**DATA:**
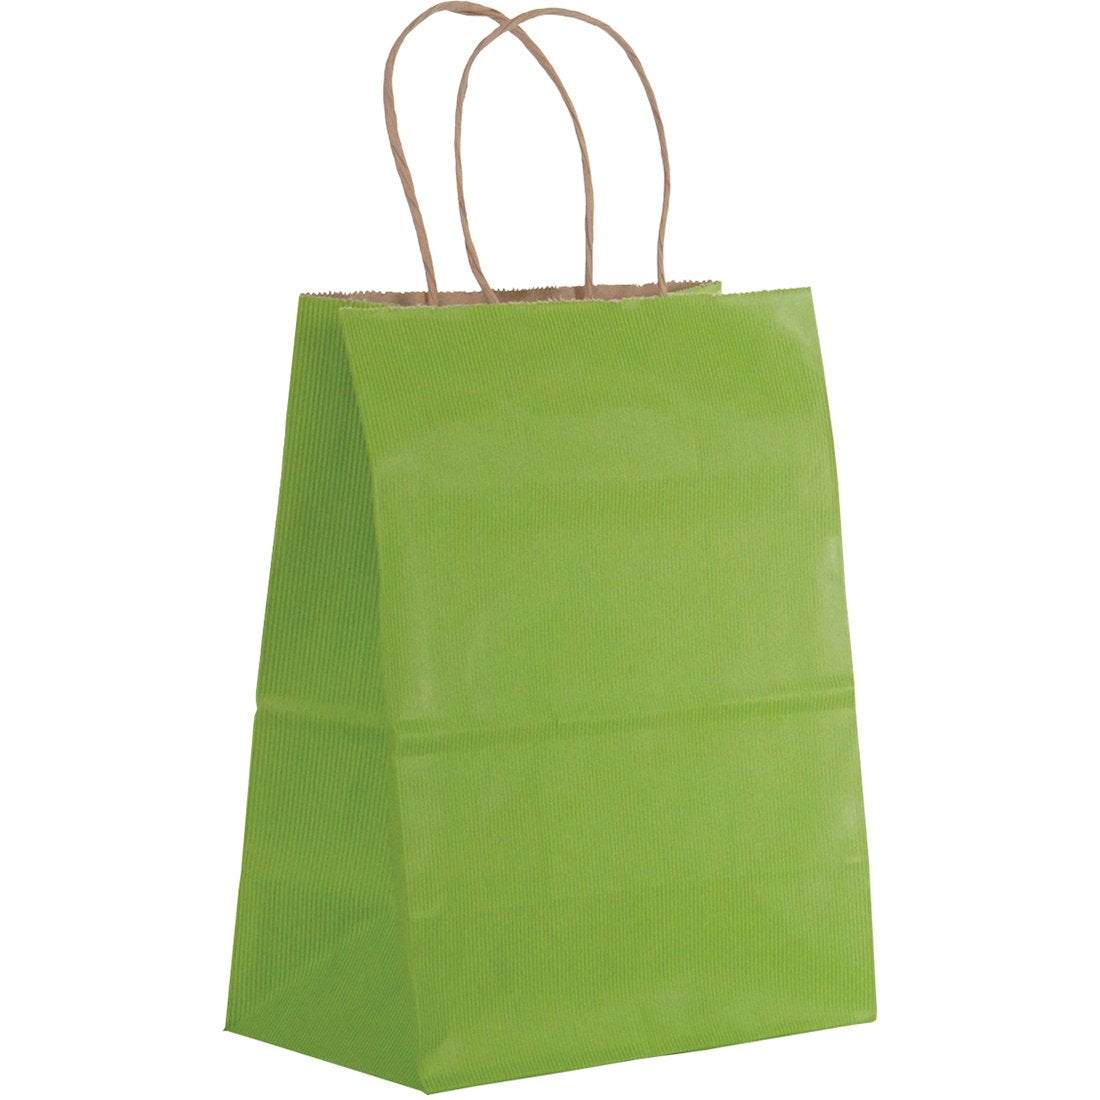 Jillson & Roberts Medium Kraft Bags, Lime
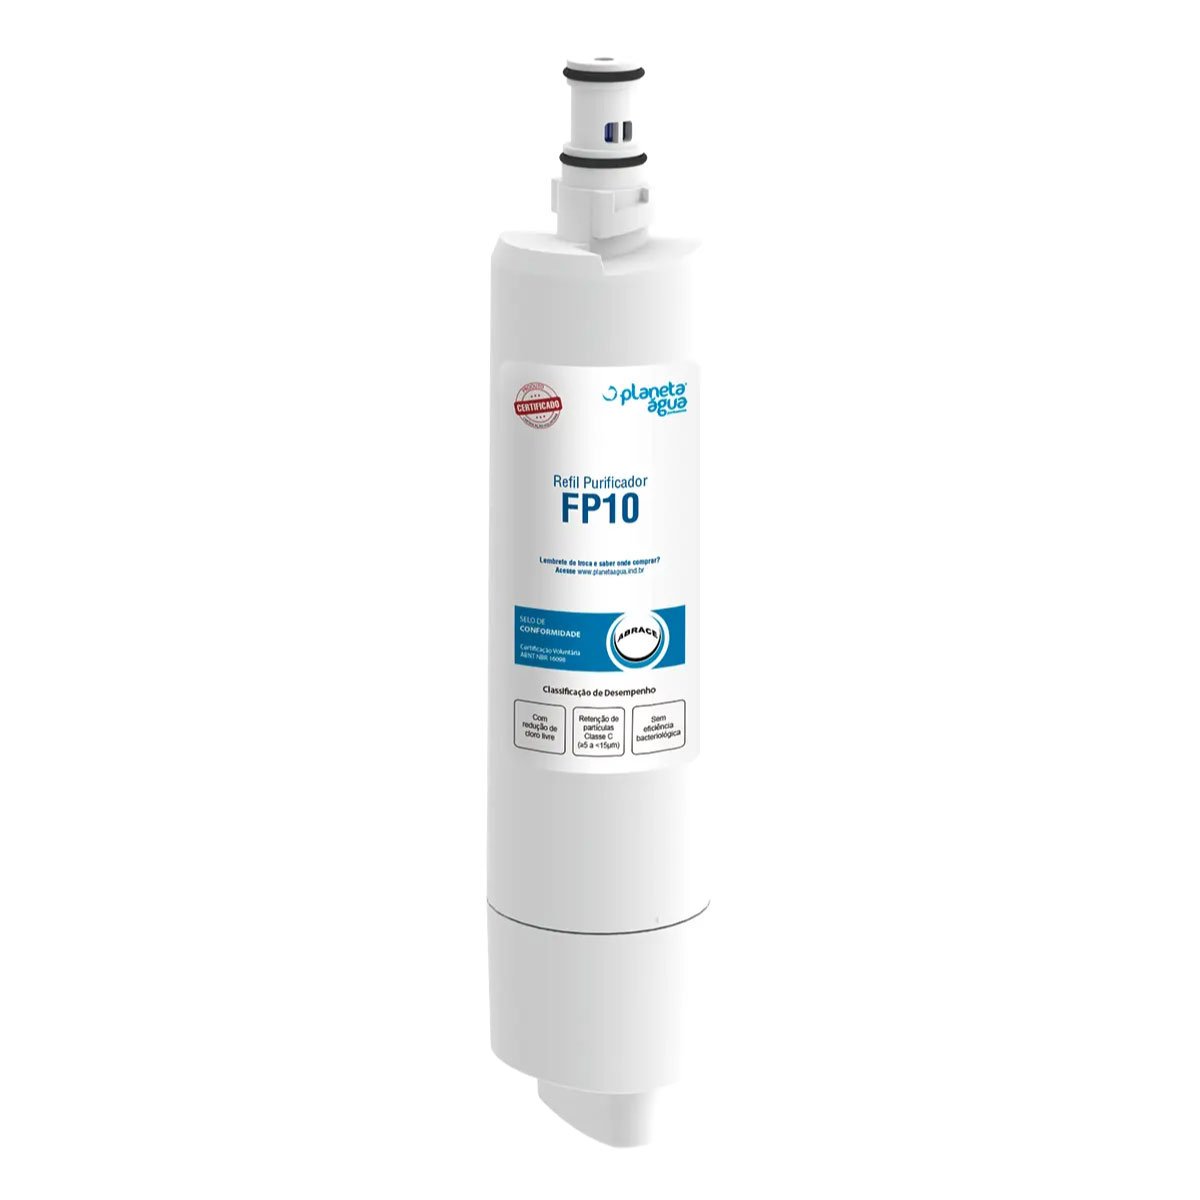 Refil Filtro Fp10 para Purificador Consul Planeta Água - 1
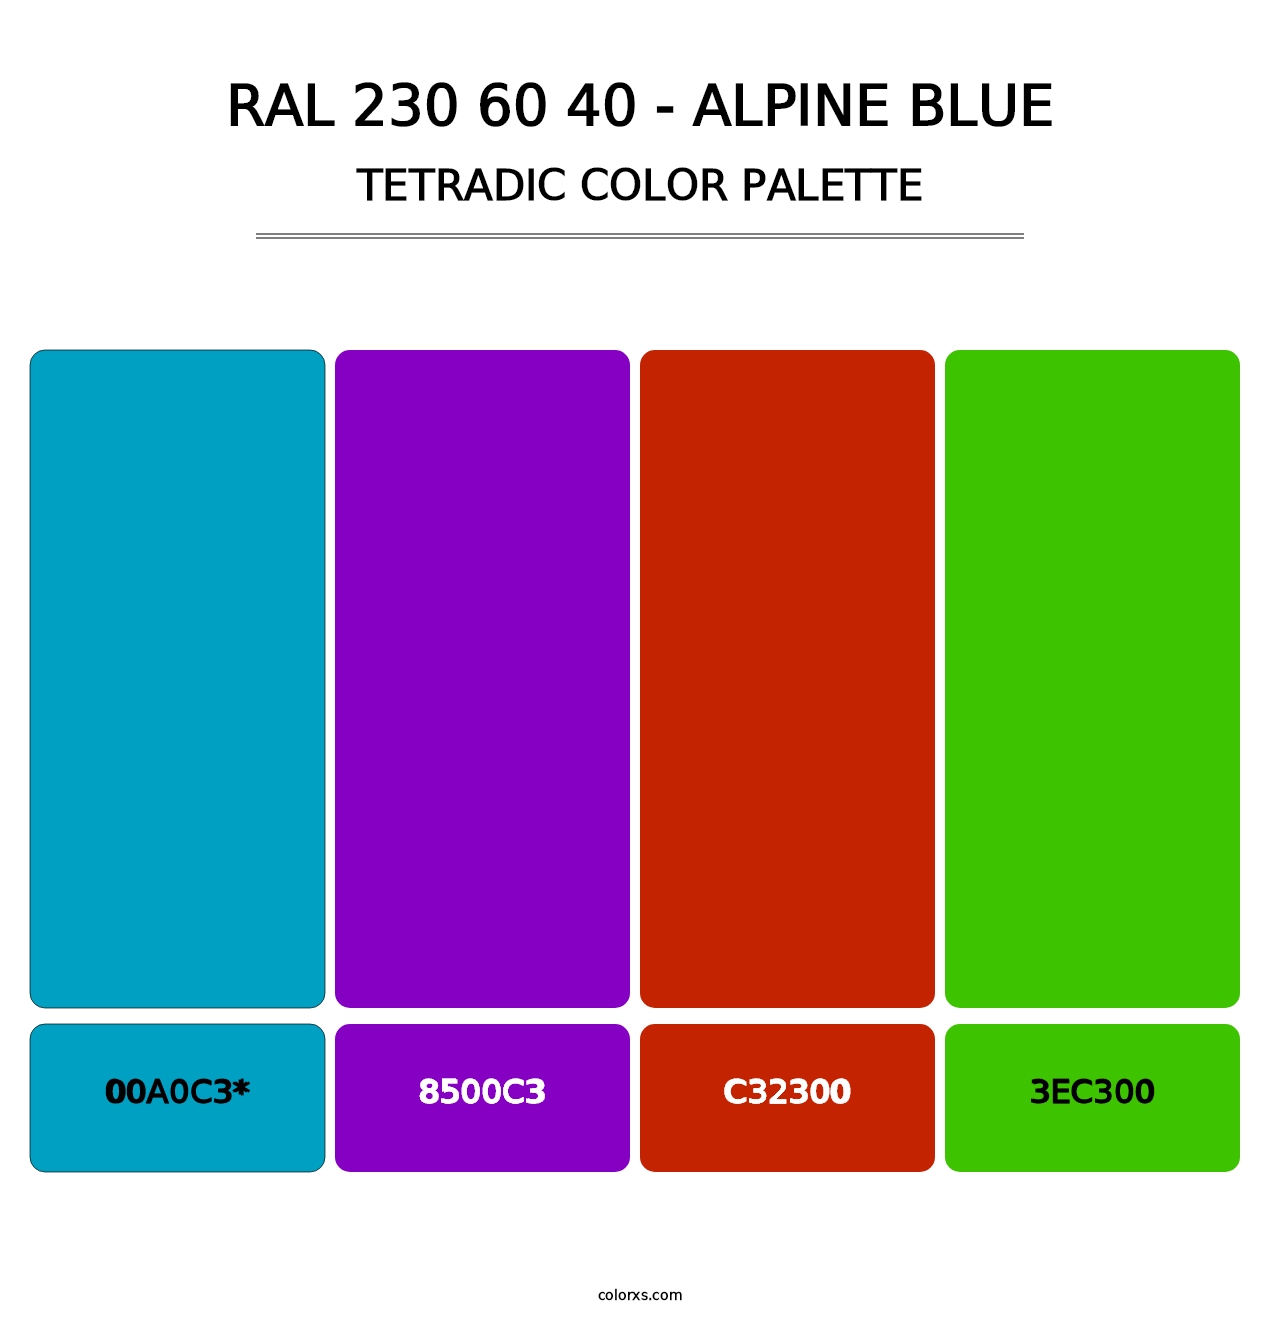 RAL 230 60 40 - Alpine Blue - Tetradic Color Palette

**THE TASK:** Reproduce the material exactly; keep pictures out.

**ANSWER SECTION:**
 Jillson & Roberts Medium Kraft Bags, Lime
 Refil Filtro Fp10 para Purificador Consul Planeta Água - 1
 RAL 230 60 40 - Alpine Blue - Tetradic Color Palette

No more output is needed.